● Task:
Please return the lines from the one with "ahamo(アハモ)のキャン" through the end of the listing below, word for word, with every picture left out.
--- Input data ---
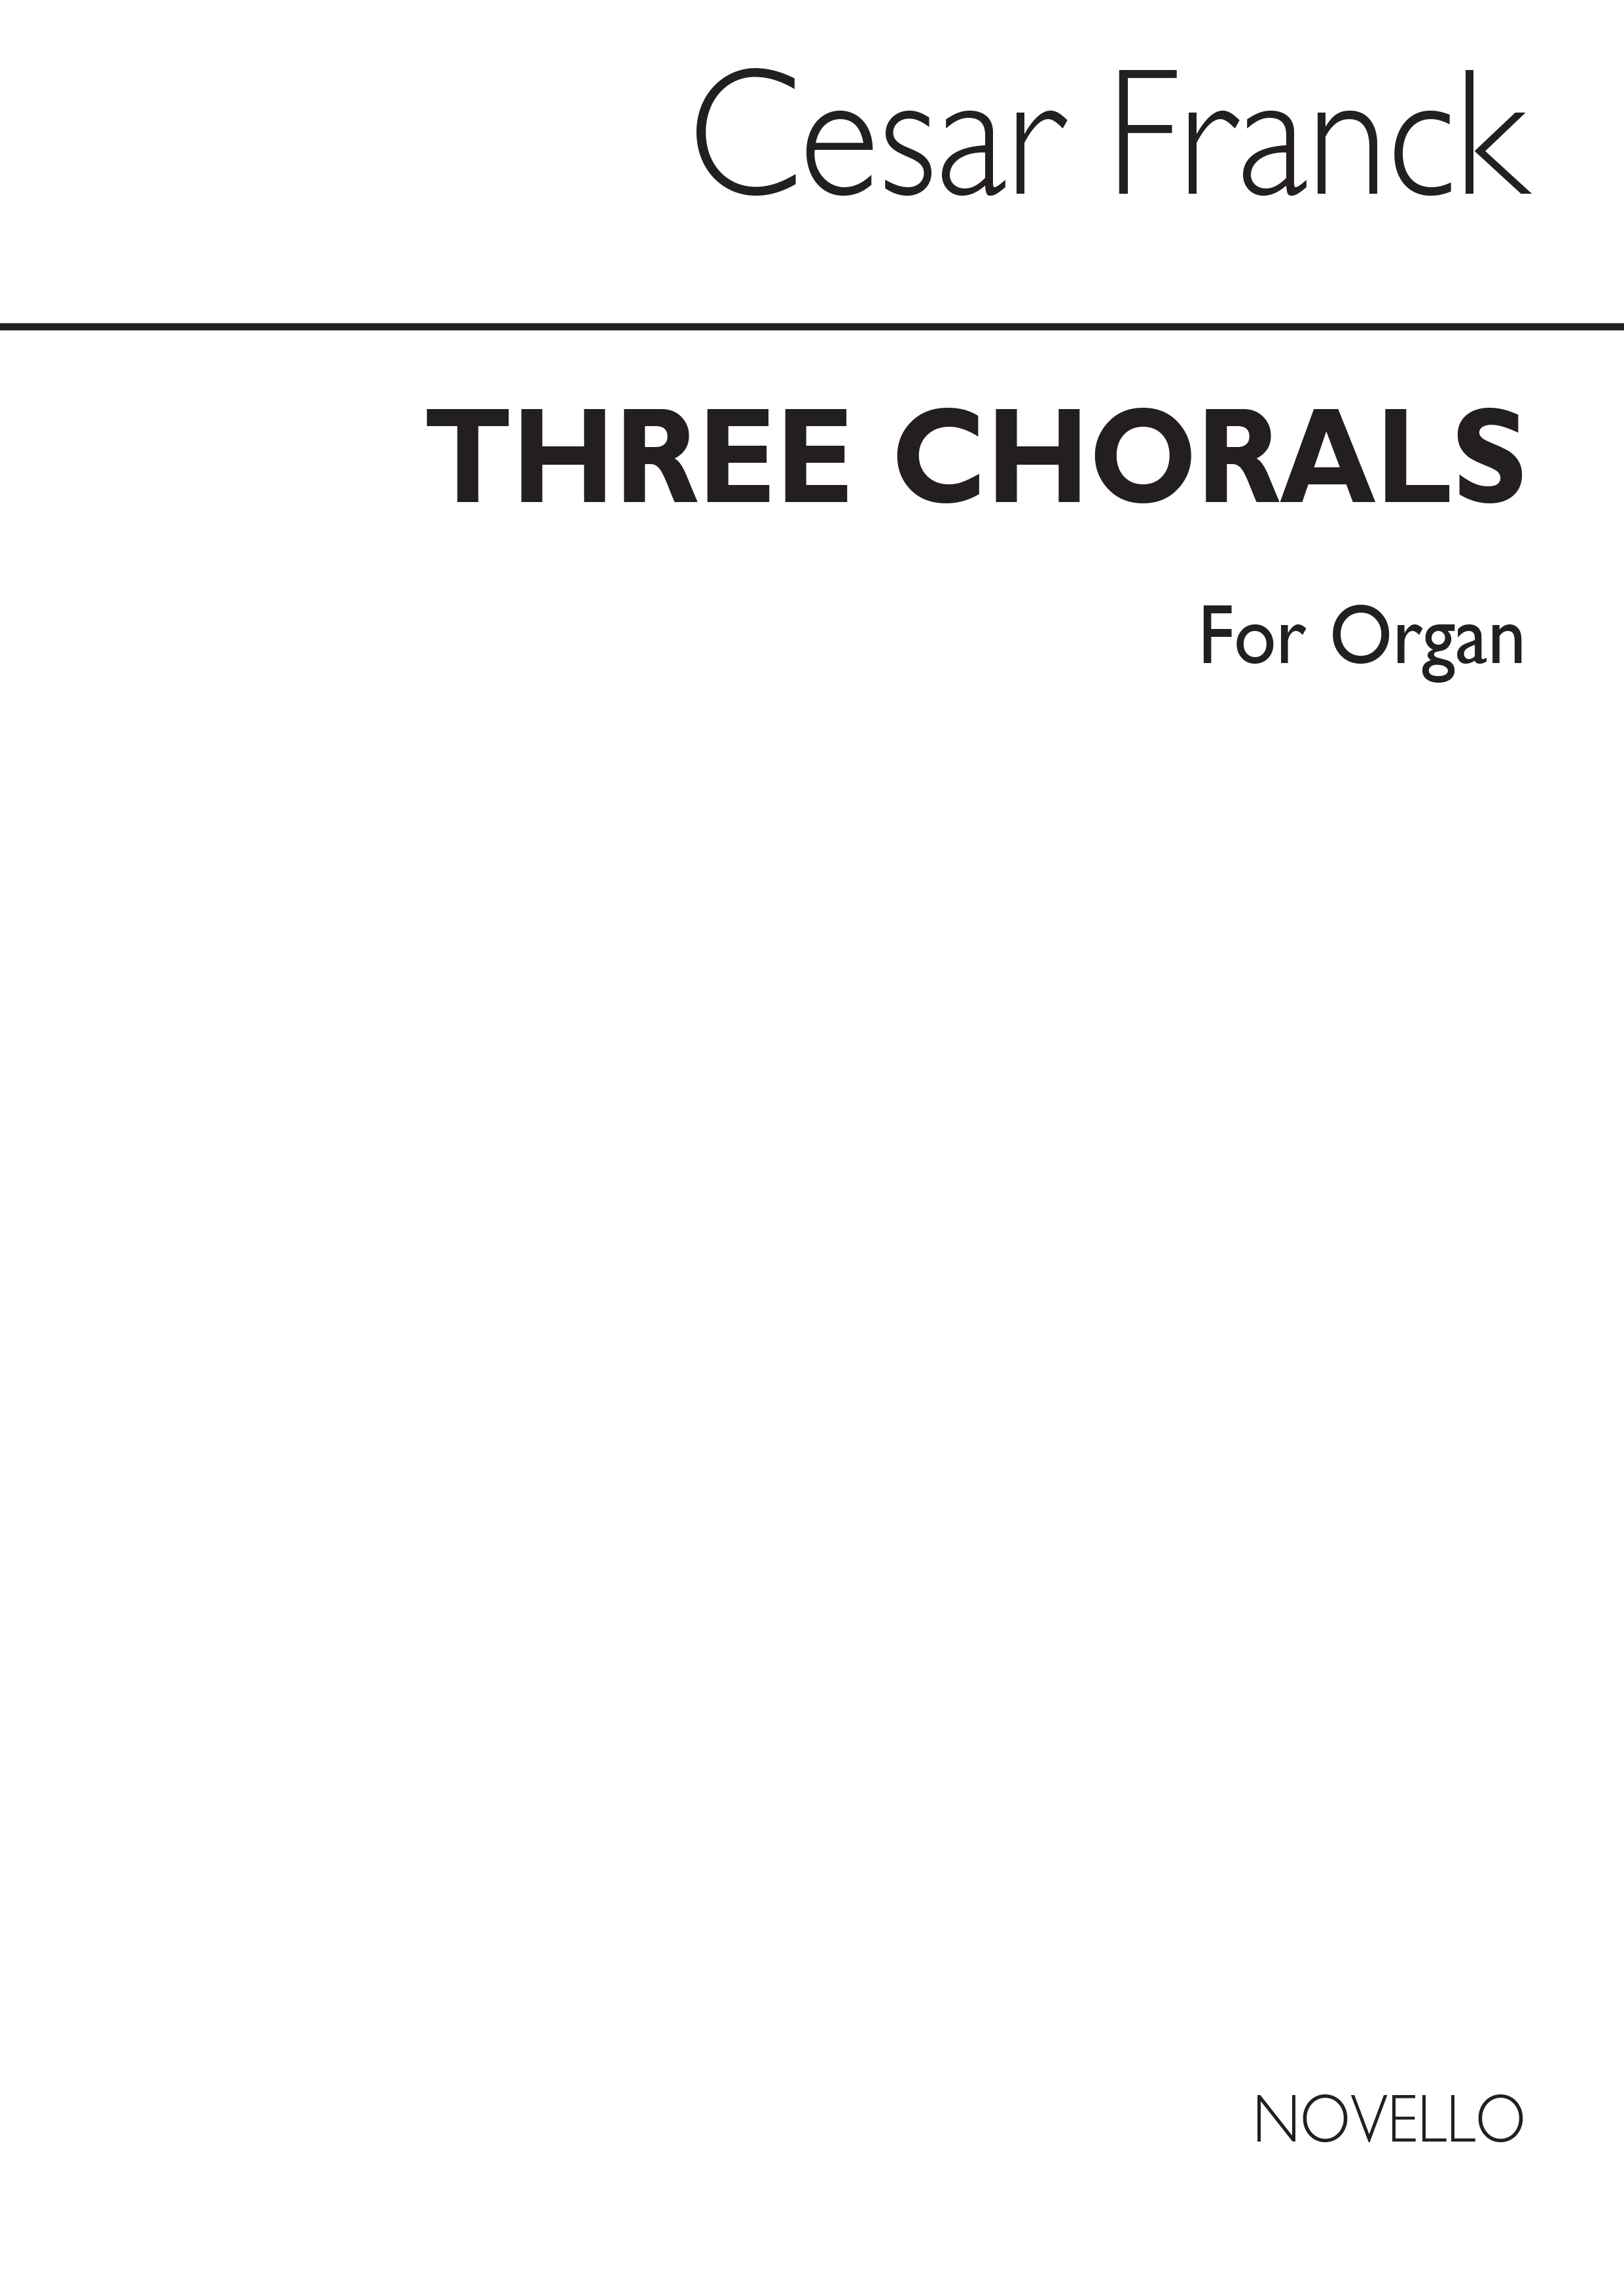 Franck: Three Chorals for Organ
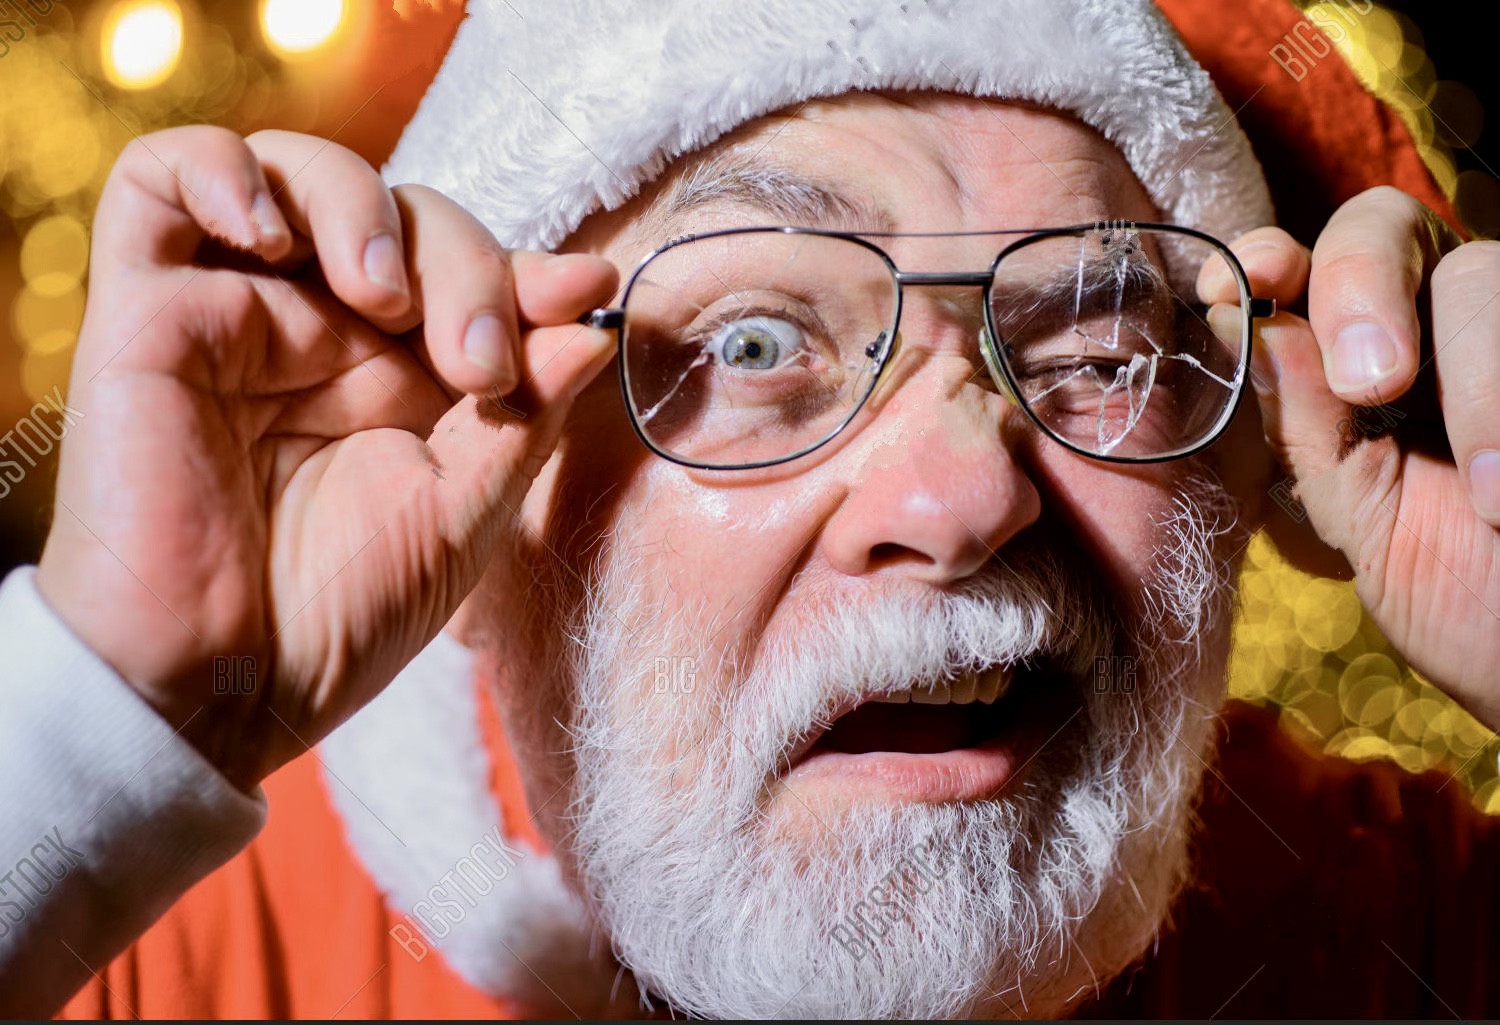 Psihologie: NU Moș Crăciun te pune să golești cardul, ci publicitatea agresivă
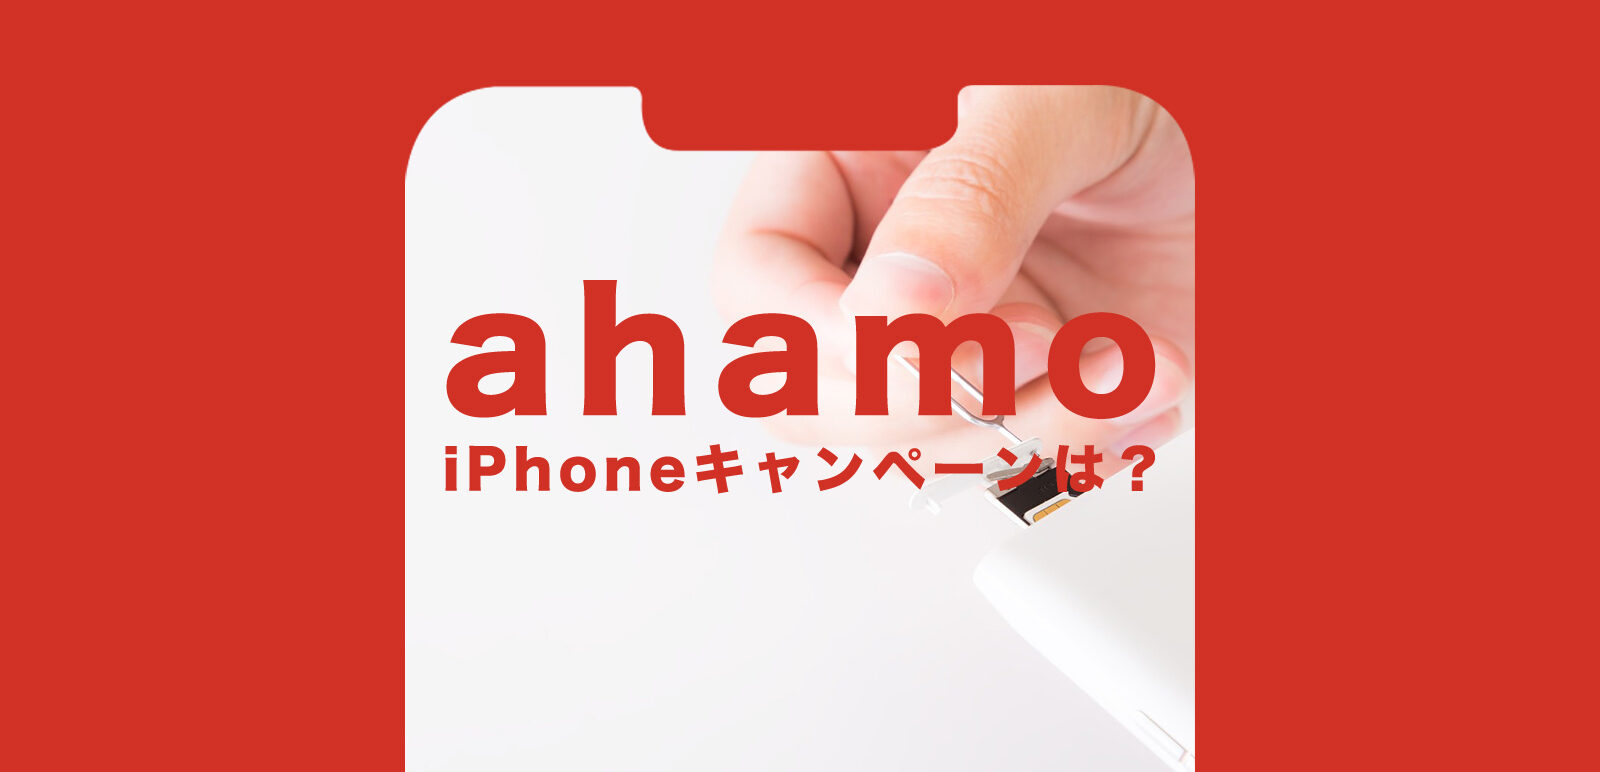 ahamo(アハモ)のキャンペーンでiPhone11やSE2(第2世代)が安くなるものはある？のサムネイル画像
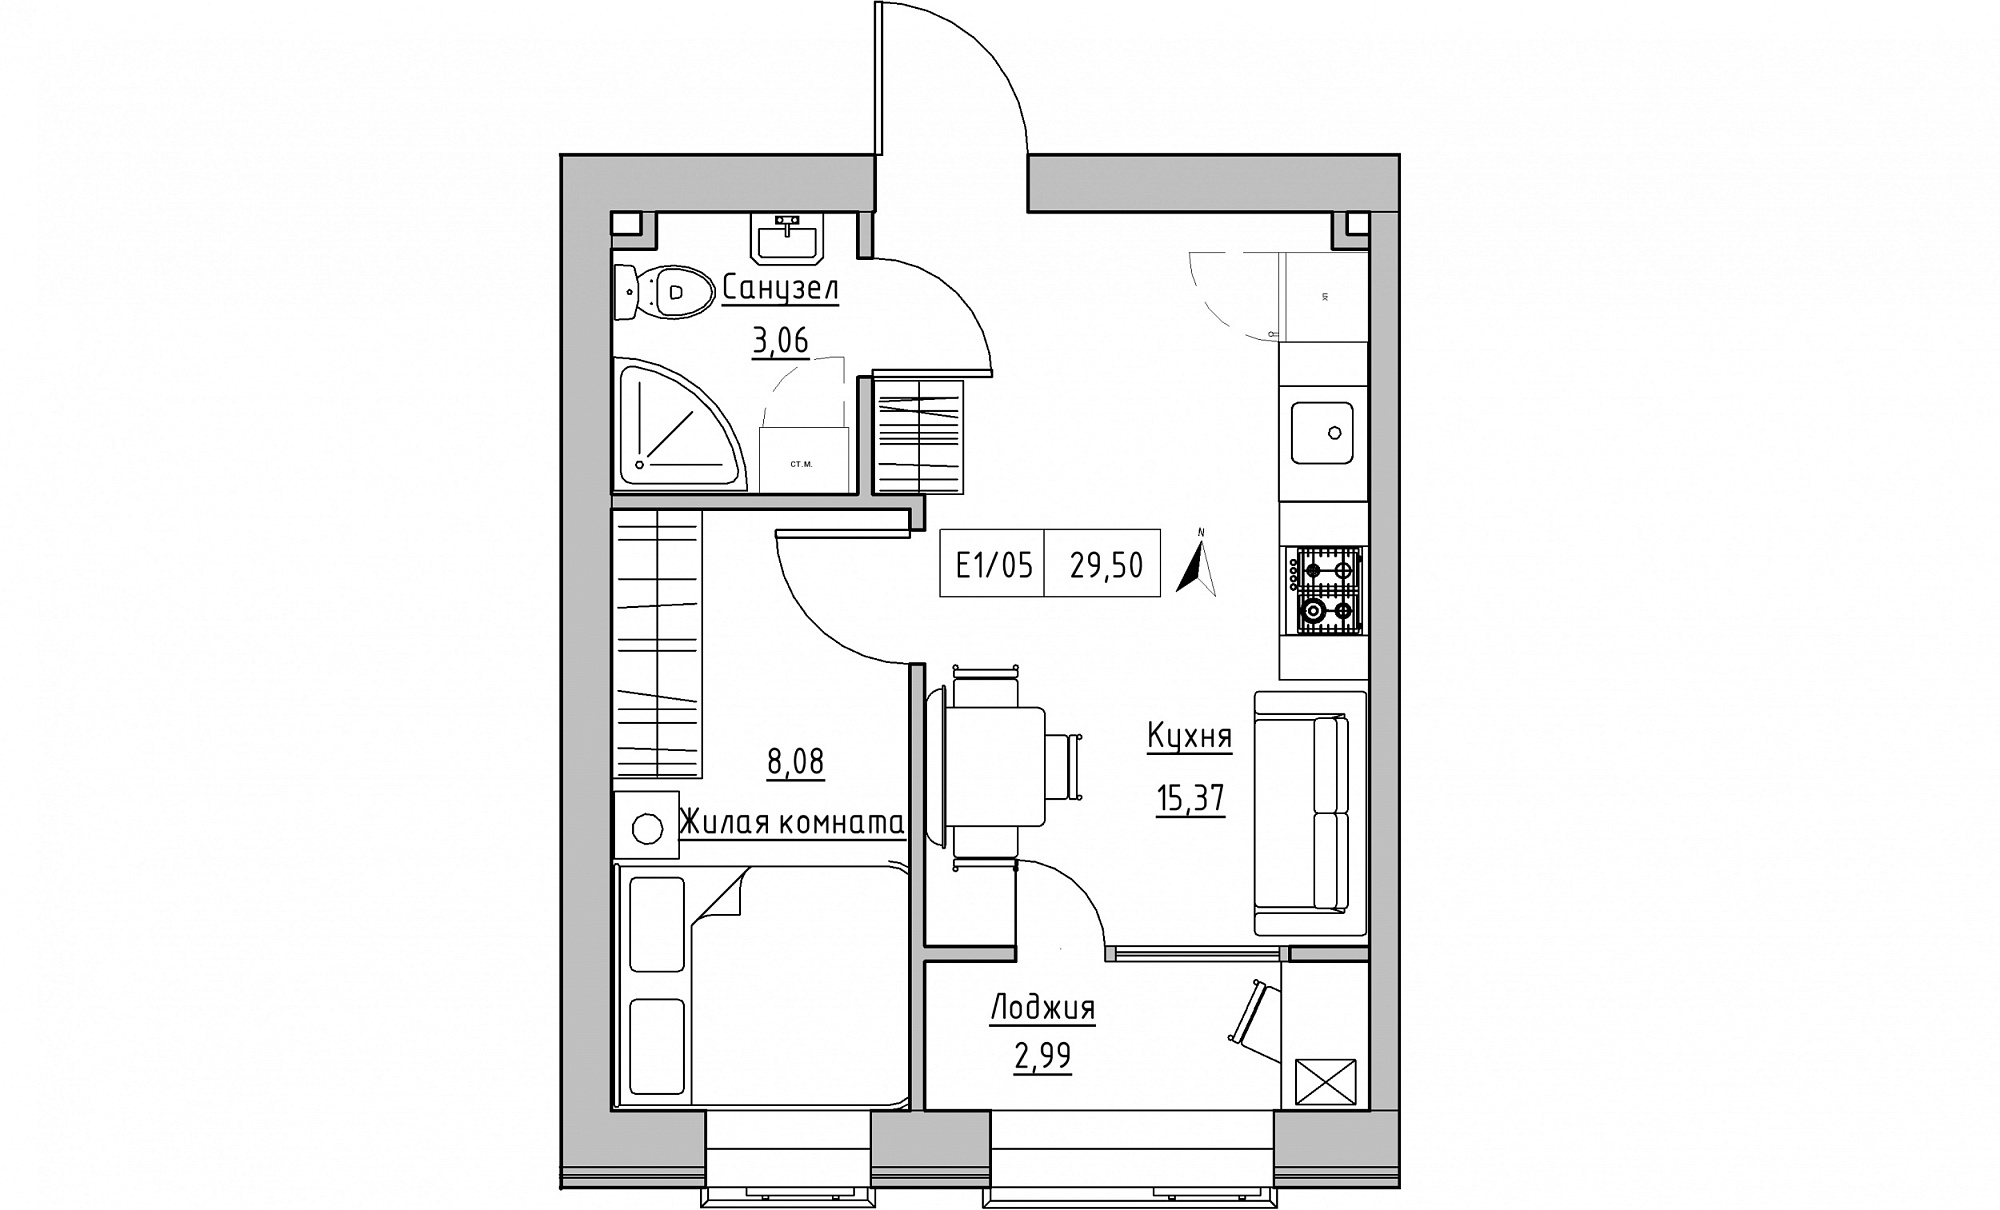 Планировка 1-к квартира площей 29.5м2, KS-015-01/0010.
---
● Written reply:
 ahamo(アハモ)のキャンペーンでiPhone11やSE2(第2世代)が安くなるものはある？のサムネイル画像
 Планировка 1-к квартира площей 29.5м2, KS-015-01/0010.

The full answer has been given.